ReplyDeletePerhaps in reading more than I have (it sounds like) about Joyce you have a better grasp on that aspect than I do!
I assume a lot of autobiography as well... for reasons lost in forgotten studies in college. I'm just not sure which parts of any particular work can be accurately understood through that lens. But then I'm a bastard child of the new criticism (don't consider the author's biography at all) and postmodern lit studies (the author is dead)... so I don't know much :)
I have zero professional expertise to bring to this endeavor. I was a math major as an undergrad and took no English courses whatsoever. The Econ grad school, which was even narrower.
ReplyDeleteI can understand the warning about using autobiographical info and making inferences about tis (or from the writing to the autobiography). Taking abstract algebra as an undergrad I can recall being told by an upperclassman to not rely on my geometric intuition, as that could be insufficiently general.
But I like my geometric intuition and in general I believe we should be promoting use of intuition - even if it leads us horribly astray on occasion. (I do think we have to verify afterward and that is important but guessing first to find out what to verify seems to me important too.)
Since I'm such an amateur at this, the only tools I can bring here is to see if I've had parallel experience and reflect on that. Clearly that can be hit or miss. But what else is there.

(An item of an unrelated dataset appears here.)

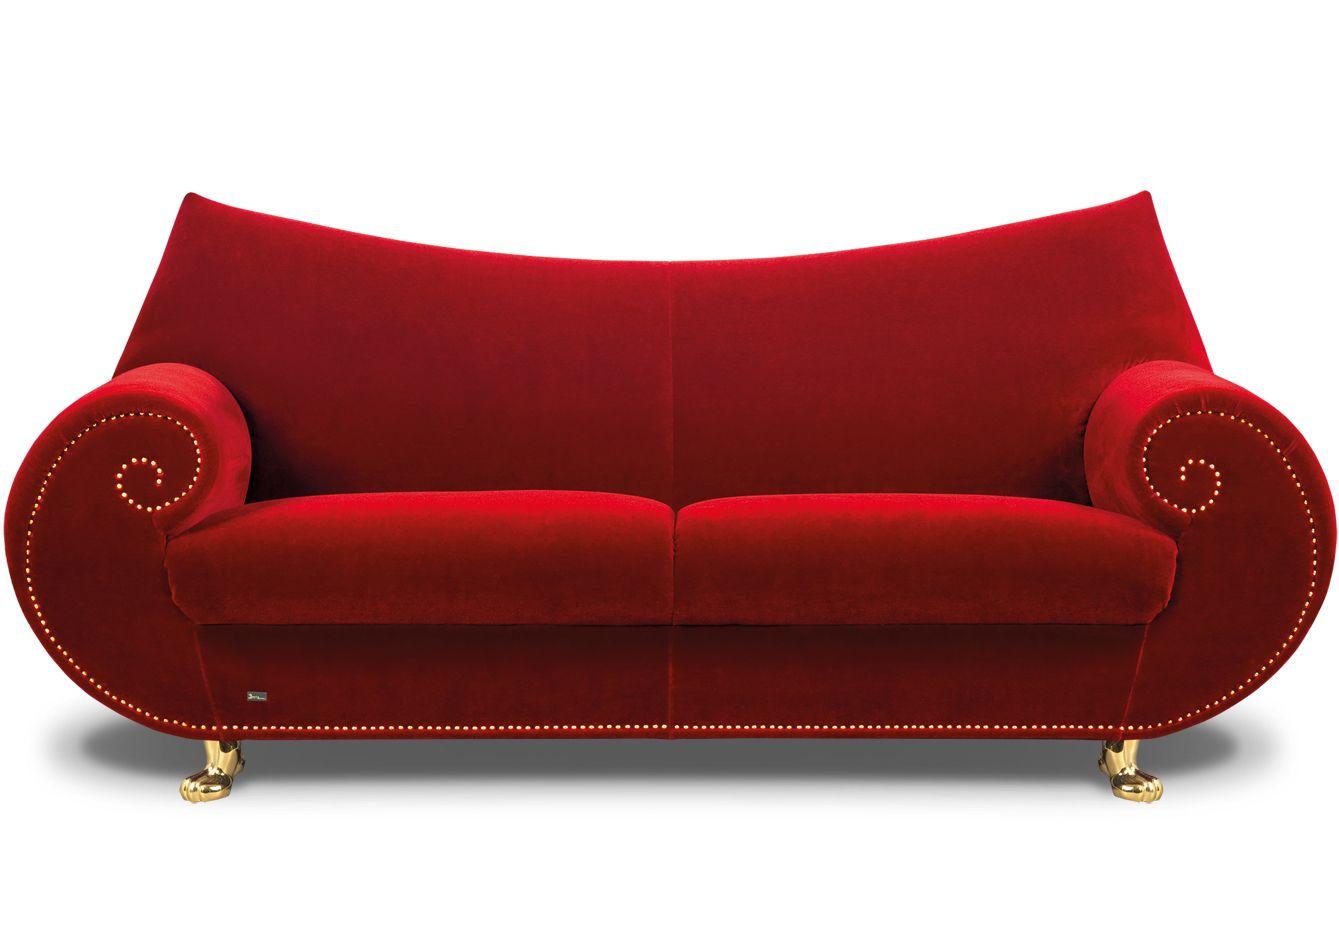 Sofa Gaudi 213cm Purpurrot | Antoni gaudi

Also, for the record, I do tend to express strong opinions on things I know next to nothing about ---- part of my training as an economist. I will modify the opinion accordingly when a better argument emerges.
I've got a very long biography of Joyce at home that I've never touched. Maybe now is the tiem.
I don't know that there are any experts who have cornered the market in the area of how/when to bring in an author's life when considering their work!
ReplyDeleteNor am I proposing to temper intuition at all. I'm just speaking for myself and my reading (and lack of knowledge of Joyce's life).
On the subject of geometric intuition-- what do you think about Joyce's claimed theory of composing Dubliners as a kind of gnomon? I'll be musing about that in the post I put up tonight w/r/t erasure and the geometric figure...
Did you post that gnomon theory somewhere? I looked for it but didn't see it. I'm under the impression that the stories are sorted by different phases of his maturation. Not sure if this is the same thing or not, but if so it's just a chronology then.